Más o menos una hora después, los vizcaínos desaparecieron tras el horizonte, llevándose consigo todas las reflexiones filosóficas. Stephen y Martin bajaron, pero Jack Aubrey se quedó en el castillo observando la presa, la enorme cantidad de velamen que la fragata llevaba desplegado y los cambios del tiempo. Estaba preocupado por la colocación de las velas, pues la fragata tenía la popa bastante hundida y pensaba que eso podría perjudicarla si se desataba una tormenta.

—Señor Mowett —dijo cuando volvió a la popa—, creo que deberíamos colocar estrelleras y bajar las carronadas a la bodega, y luego prepararnos para tirar por la borda el agua de los toneles más cercanos a la popa, unas diez toneladas en total. Y por favor, pida al contramaestre que tenga preparados varios tipos de cabos de refuerzo porque el barómetro está bajando y podría desatarse una tormenta. Voy a enseñar a los guardiamarinas cómo averiguar con un sextante si la ventaja de la presa está aumentando o no, y después me acostaré un rato.

Fue un acierto hacerlo, pues cuando la luna salió empezaron a llegar fuertes ráfagas de viento que chocaban contra la cara redonda e insulsa del mascarón y atravesaban las crecientes olas. Mowett ya había ordenado arriar las alas inferiores cuando Jack regresó a la cubierta, y a medida que la noche fue avanzando, ordenó arriar más velas hasta que la fragata se quedó sólo con las velas de capa, las mayores con algunos rizos y la gavia mayor y el velacho arrizados. No obstante, el guardiamarina de guardia daba cada vez con más alegría los resultados obtenidos con la corredera: «Seis nudos y medio, señor, con su permiso… Seis nudos y dos brazas…

Casi ocho nudos… Ocho nudos y tres brazas… Nueve nudos… Diez nudos! ¡Oh, señor, está navegando a diez nudos!».

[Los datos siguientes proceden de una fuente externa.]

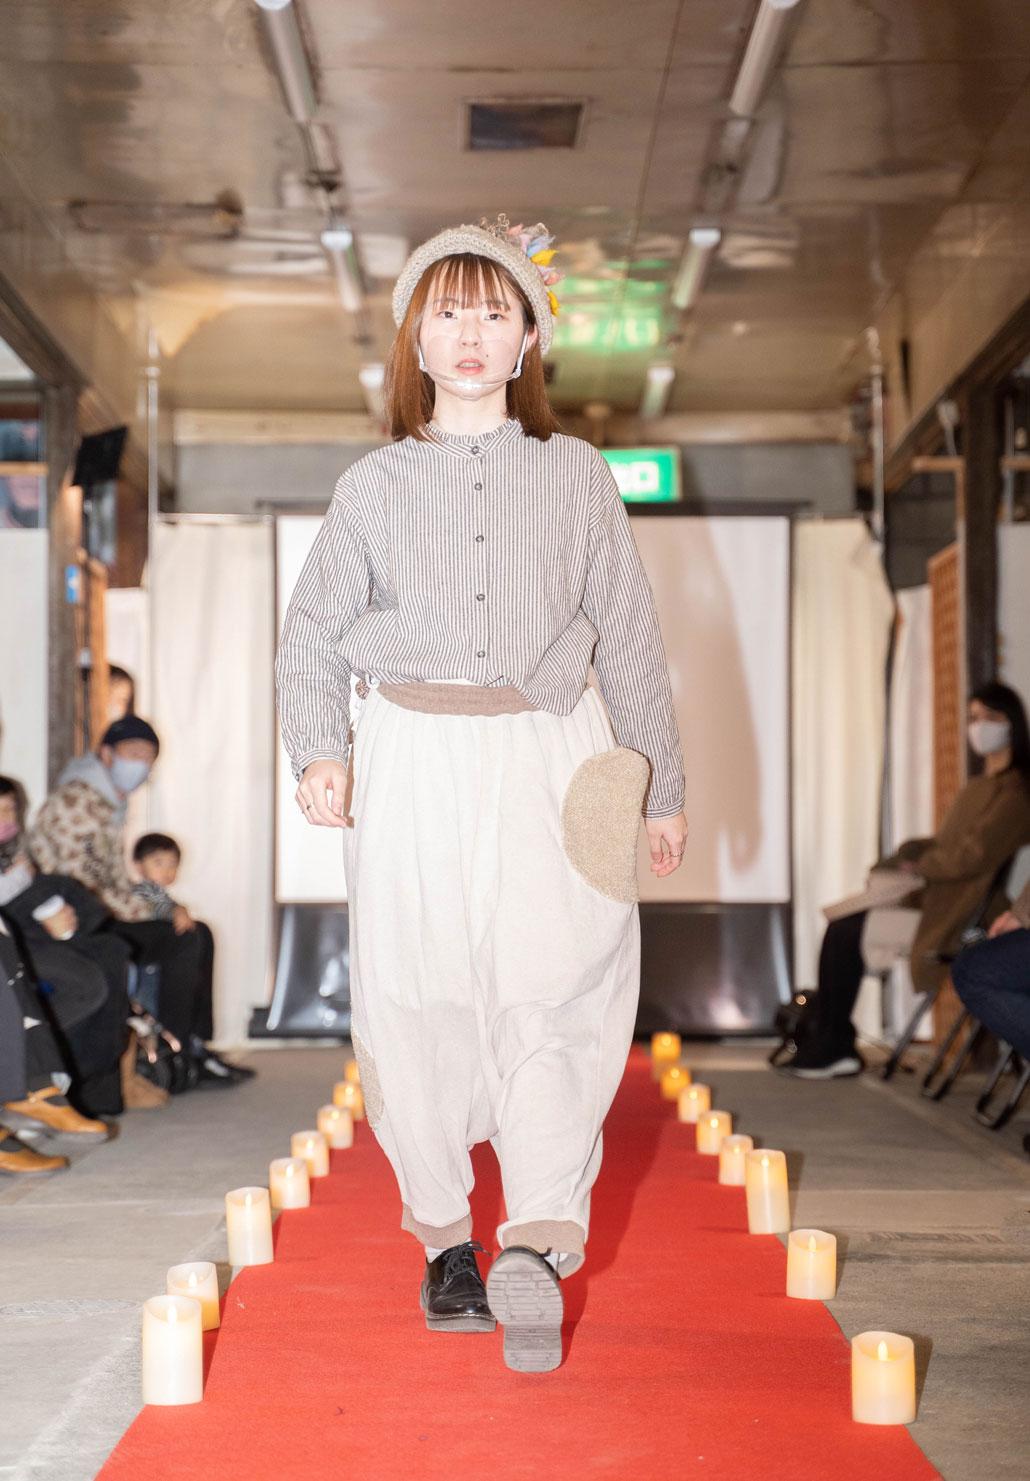 「ねこのしっぽのオンリーワンアイテム LIVE」女性モデルの画像4

Puesto que las mayores estaban arrizadas, Jack podía ver la presa desde el alcázar. La veía claramente a la brillante luz de la luna, pues aunque el viento soplaba desde el oeste y rolaba hacia el sur, había pocas nubes en el cielo y las pocas que había eran como velos translúcidos. A pesar de que el mar aún no estaba muy agitado —las olas eran pequeñas, no de la magnitud que solían ser en el Atlántico—, la superficie estaba salpicada de blanco, y el
Spartan
parecía completamente negro incluso cuando la luna había descendido mucho por el oeste y estaba a cierta distancia de su popa. Tenía desplegado casi el mismo velamen que la
Surprise
y sus hombres izaron la juanete de proa en dos ocasiones, pero tuvieron que arriarla las dos veces.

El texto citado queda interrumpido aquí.